Dental Solutionscontinued to demonstrate solid performance, driven by new product momentum and improved service levels, although prior backorder recovery benefits are likely to taper. Management has indicated that normalized growth remains in the 2-3% range, and sustaining this trajectory will be key in the first quarter.
The Health Information Systems (HIS) segment is expected to have maintained steady growth, supported by revenue cycle management solutions, expansion in autonomous coding and international traction of 360 Encompass, partially offset by ongoing softness in clinician productivity solutions.
From a portfolio standpoint, the divestiture of the Purification & Filtration business and the acquisition of Acera Surgical are expected to enhance strategic focus and support long-term growth, with early contributions from Acera likely aiding MedSurg performance. On the margin front, first-quarter results are expected to face heightened tariff-related pressures and typical seasonality, with management guiding that operating margins will be the lowest of the year. Nonetheless, ongoing cost initiatives, including the “Transform for the Future” program, are expected to have supported margin resilience over time.
Solventum Corporation Price and EPS Surprise
Solventum Corporation price-eps-surprise | Solventum Corporation Quote
Earnings Beat Likely
Our proven model predicts an earnings beat for Solventum this time around. The combination of a positive Earnings ESP and a Zacks Rank #1 (Strong Buy), 2 (Buy) or 3 (Hold) increases the chances of an earnings beat. This is exactly the case here, as you will see below.

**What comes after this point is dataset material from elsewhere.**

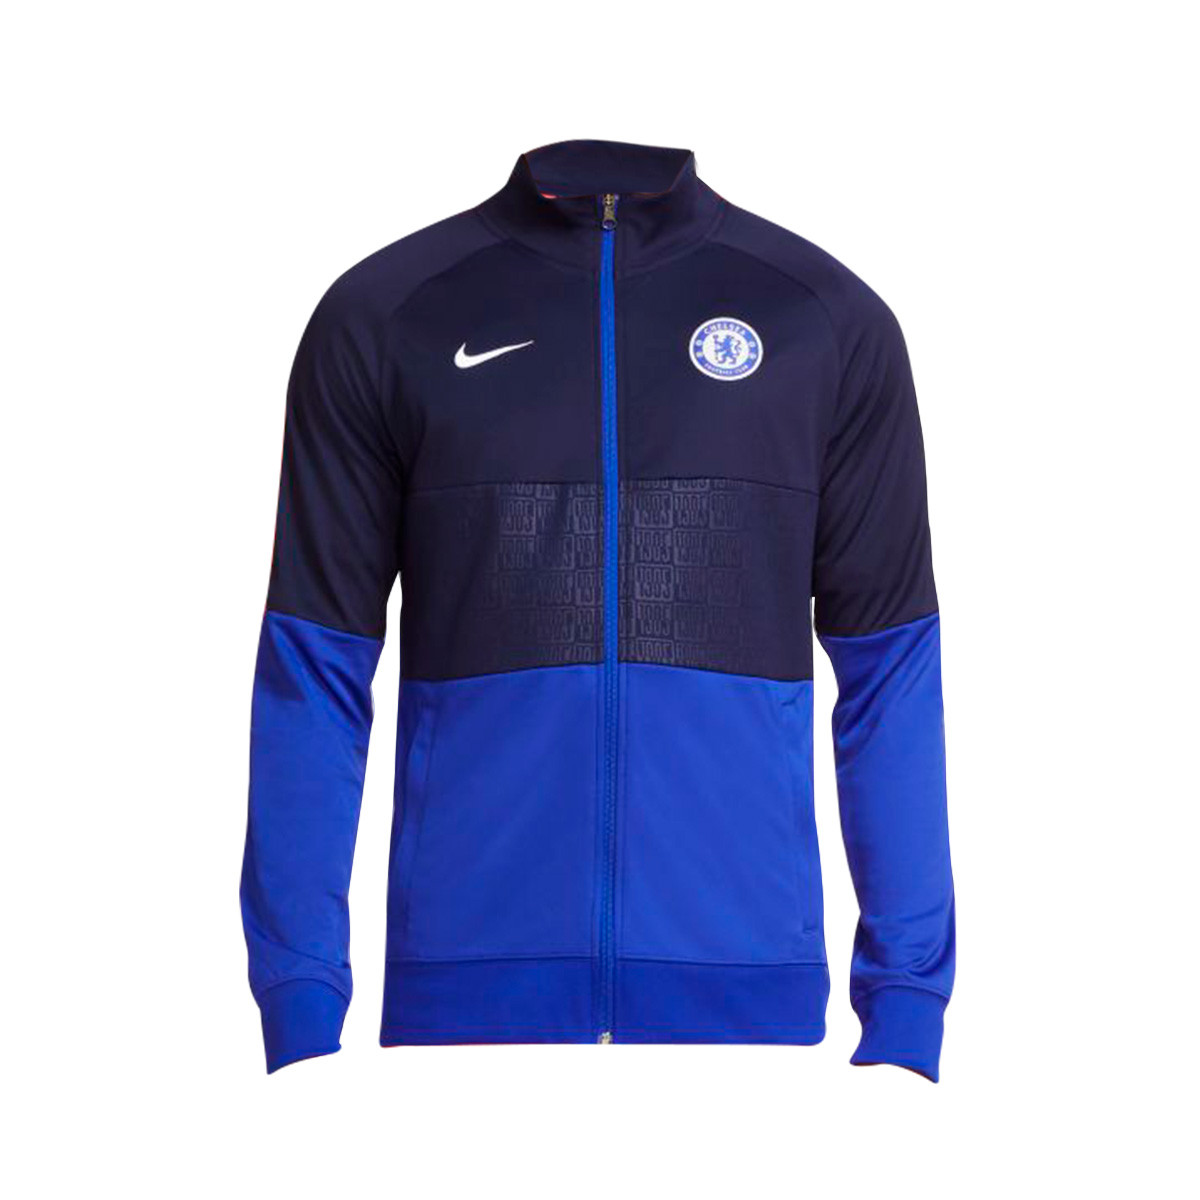 Jacket Nike Chelsea Fc I96 Anthem Cl 21 Blackened Blue Concord Ember Glow White Futbol Emotion

Earnings ESP: Earnings ESP, which represents the difference between the Most Accurate Estimate and the Zacks Consensus Estimate, is +1.97% for Solventum.
You can uncover the best stocks to buy or sell before they are reported with our Earnings ESP Filter.
Zacks Rank: Solventum currently has a Zacks Rank #2.
Other Stocks Worth a Look
Here are some medical product stocks worth considering, as these have the right combination of elements to post an earnings beat this reporting cycle.
Microbot Medical (MBOT - Free Report) has an Earnings ESP of +8.70% and a Zacks Rank of 2 at present.
MBOT’s earnings surpassed estimates in two of the trailing four quarters and missed twice, with the average surprise being 7.53%. The Zacks Consensus Estimate for MBOT’s first-quarter loss per share implies no change from the year-ago reported figure.
Henry Schein (HSIC - Free Report) has an Earnings ESP of +0.28% and a Zacks Rank #3 at present. The company is slated to release first-quarter 2026 results on May 5.
HSIC’s earnings surpassed estimates in three of the trailing four quarters and missed once, with the average surprise being 2.14%. The Zacks Consensus Estimate for HSIC’s first-quarter earnings per share (EPS) indicates an improvement of 4.4% from the year-ago reported figure.
IDEXX Laboratories (IDXX - Free Report) has an Earnings ESP of +0.77% and a Zacks Rank of 3 at present. The company is slated to release first-quarter 2026 results on May 5.
IDXX’s earnings surpassed estimates in each of the trailing four quarters, with the average surprise being 6.11%. The Zacks Consensus Estimate for IDXX’s first-quarter EPS indicates a gain 15.5% from the year-ago reported figure.